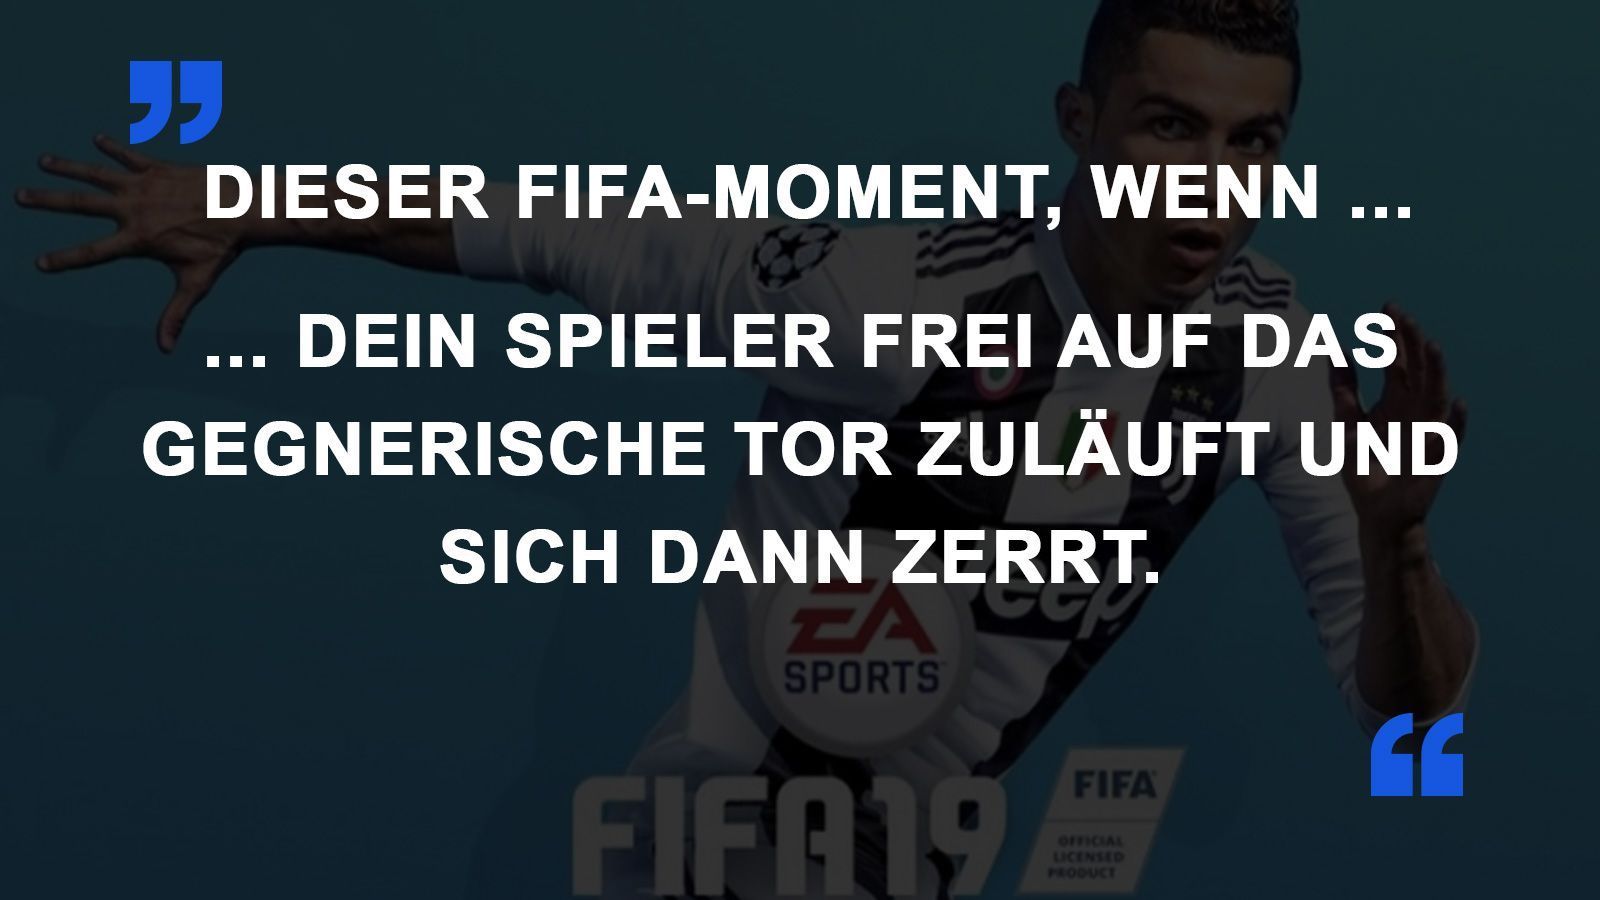 
                <strong>FIFA Momente Zerrung</strong><br>
                
              
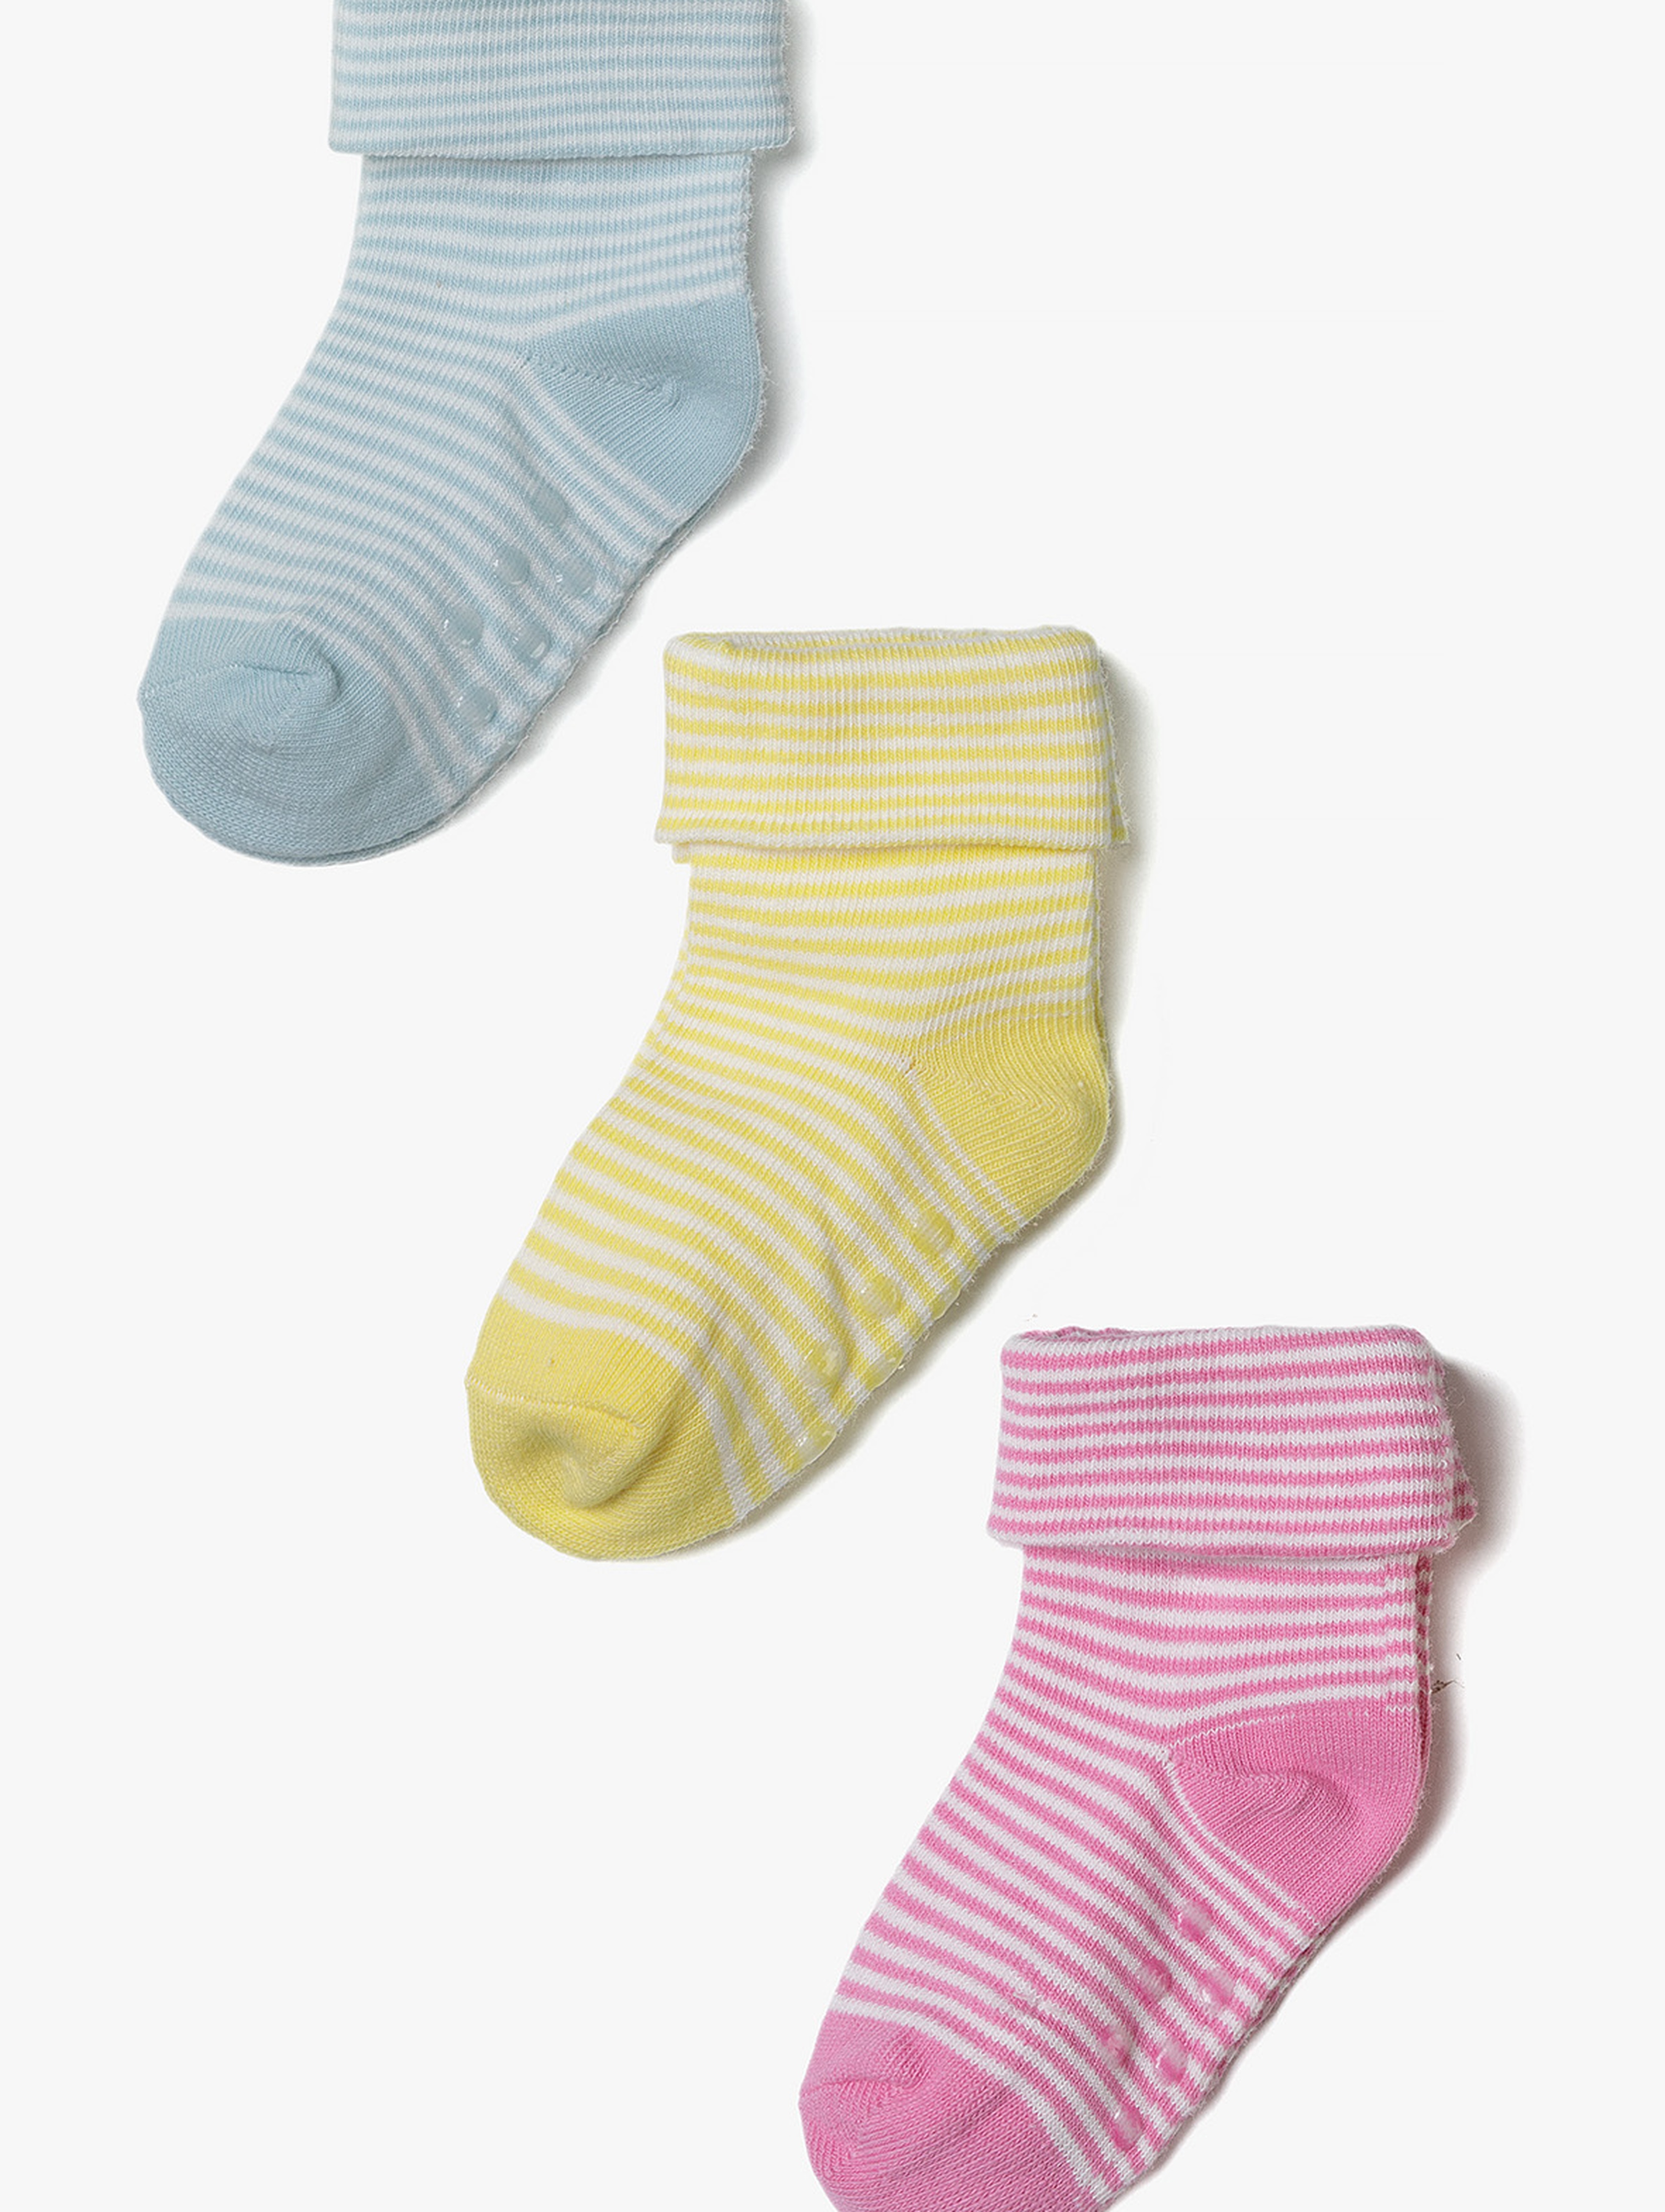 Skarpetki antypoślizgowe dla niemowlaka - 3pak - różowe, żółte, niebieskie
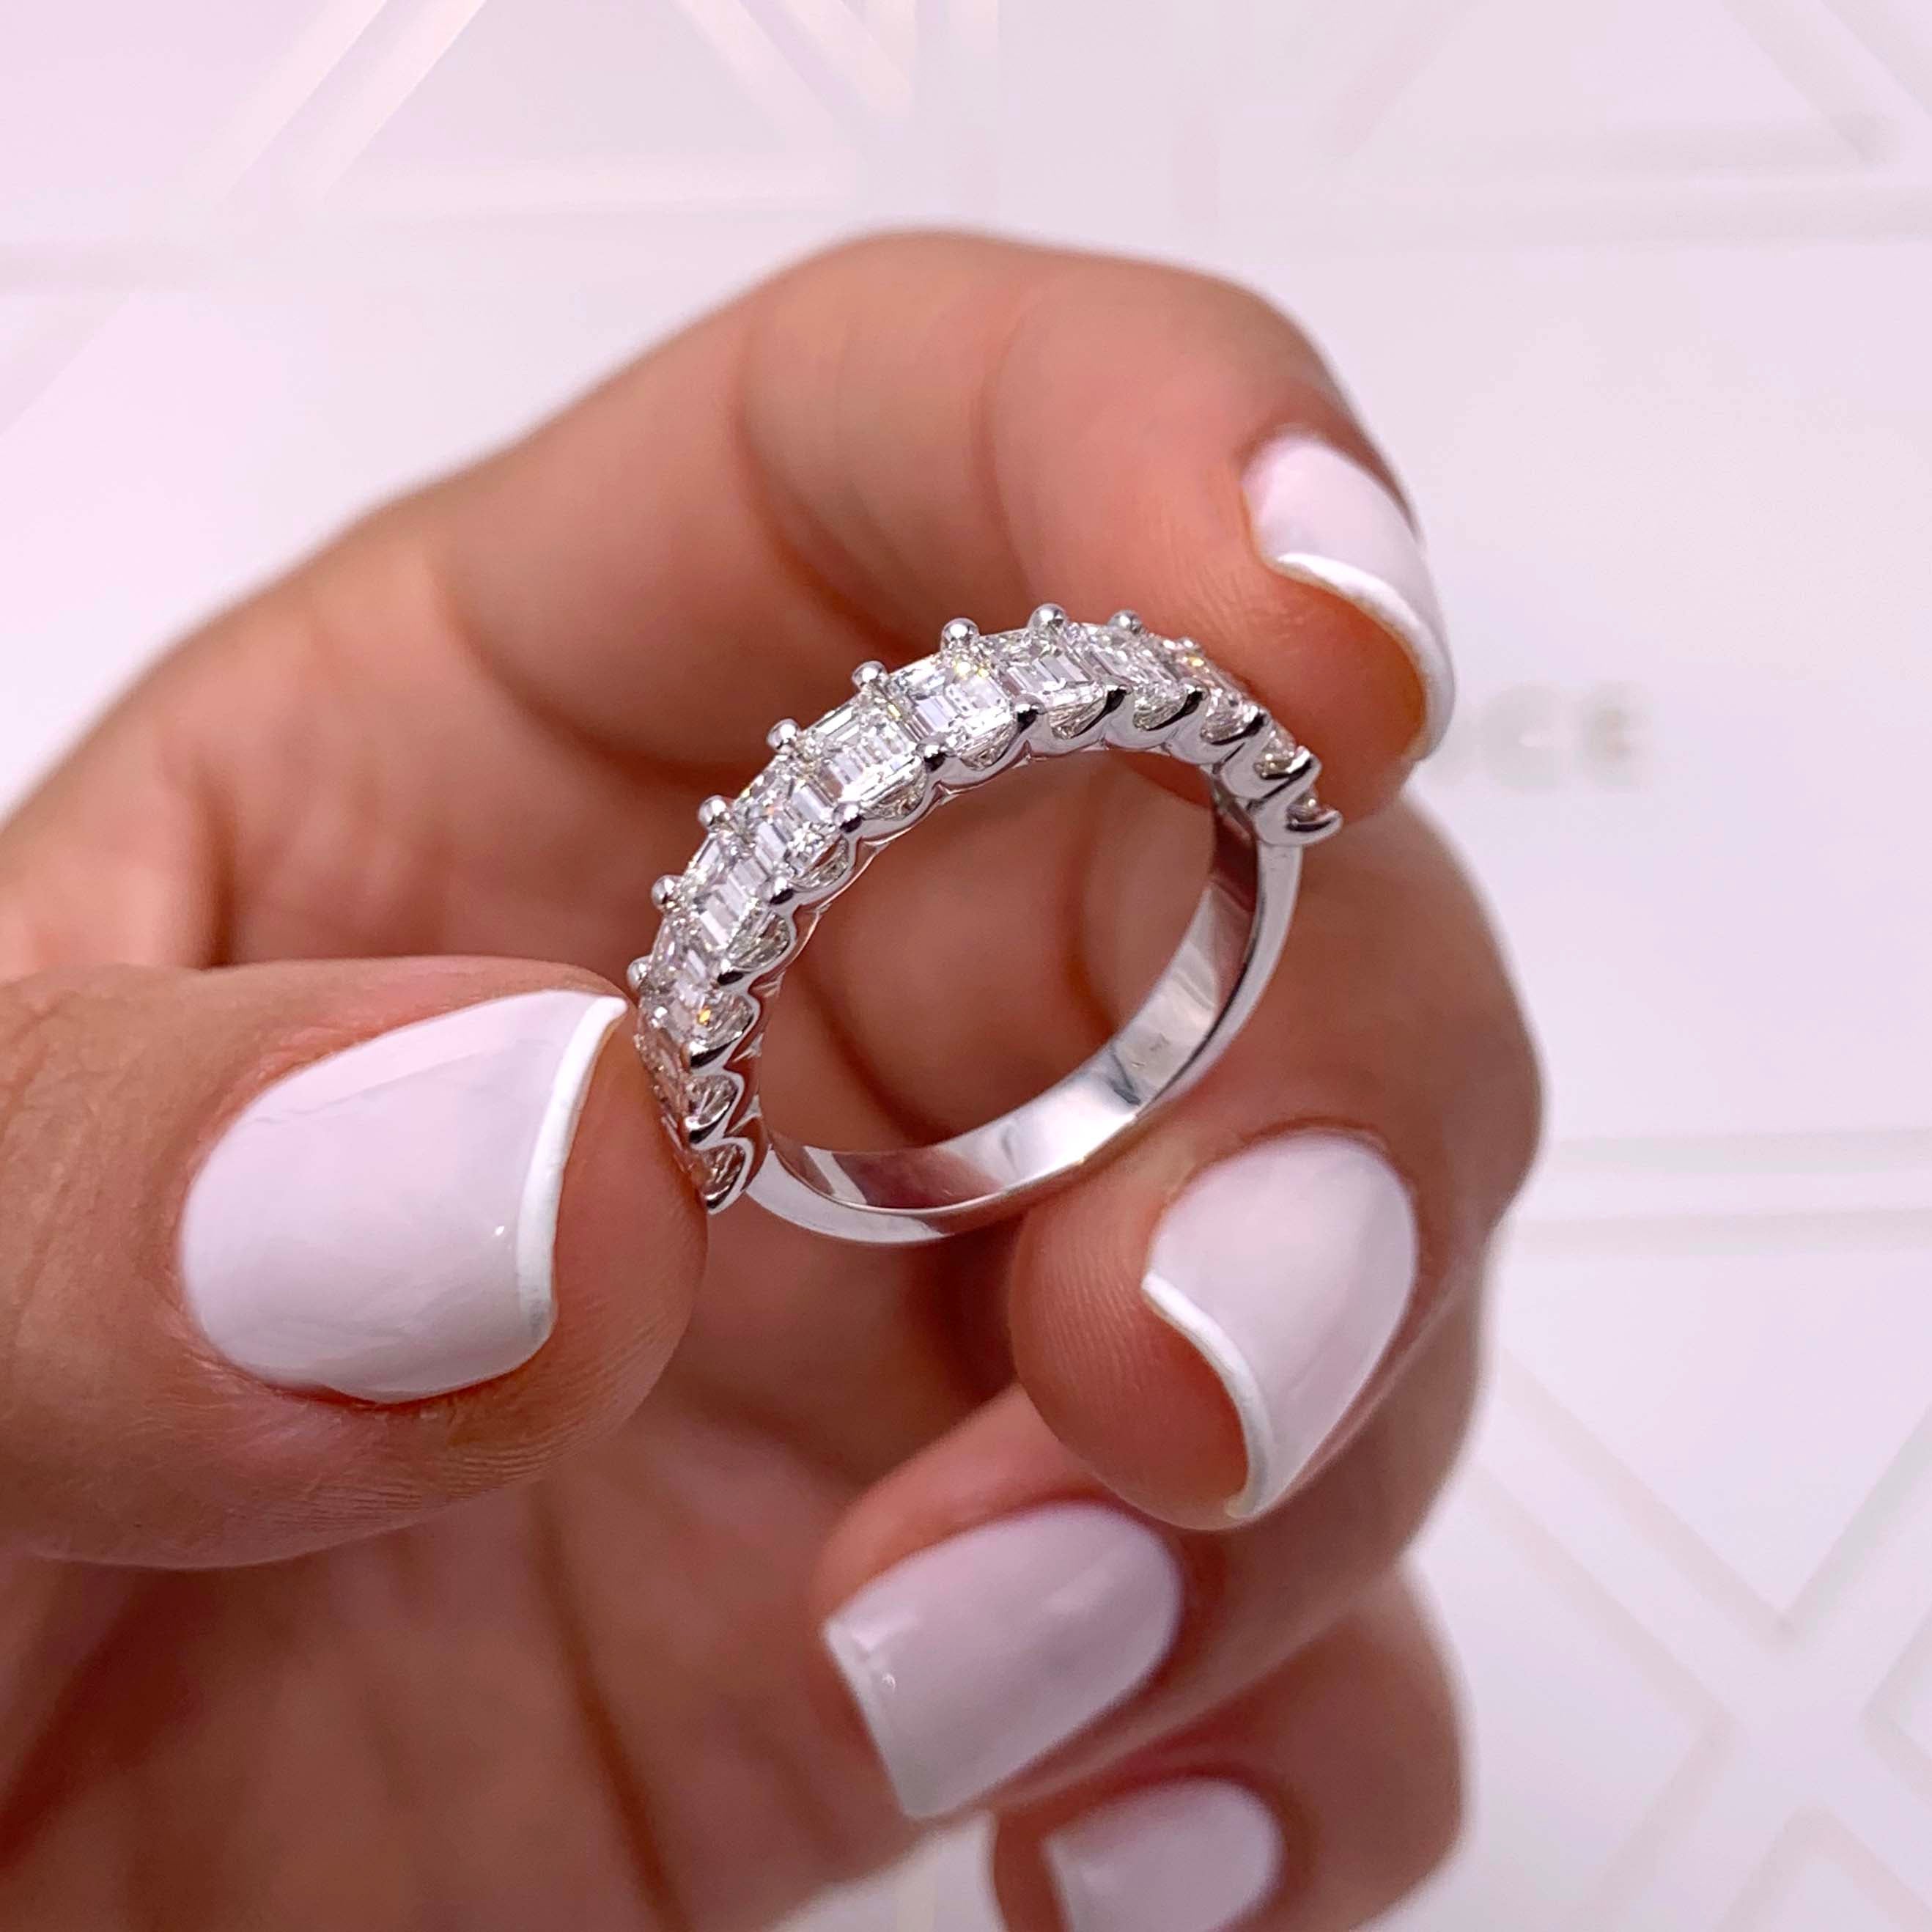 Gina Half Eternity Wedding Ring -14K White Gold

[WHAT THE TASK ASKS]
Word for word, print the material above, but without its pictures.

[RESPONSE TO THE EXERCISE]
                <strong>FIFA Momente Zerrung</strong><br>
                
              
 Skarpetki antypoślizgowe dla niemowlaka - 3pak - różowe, żółte, niebieskie
 Gina Half Eternity Wedding Ring -14K White Gold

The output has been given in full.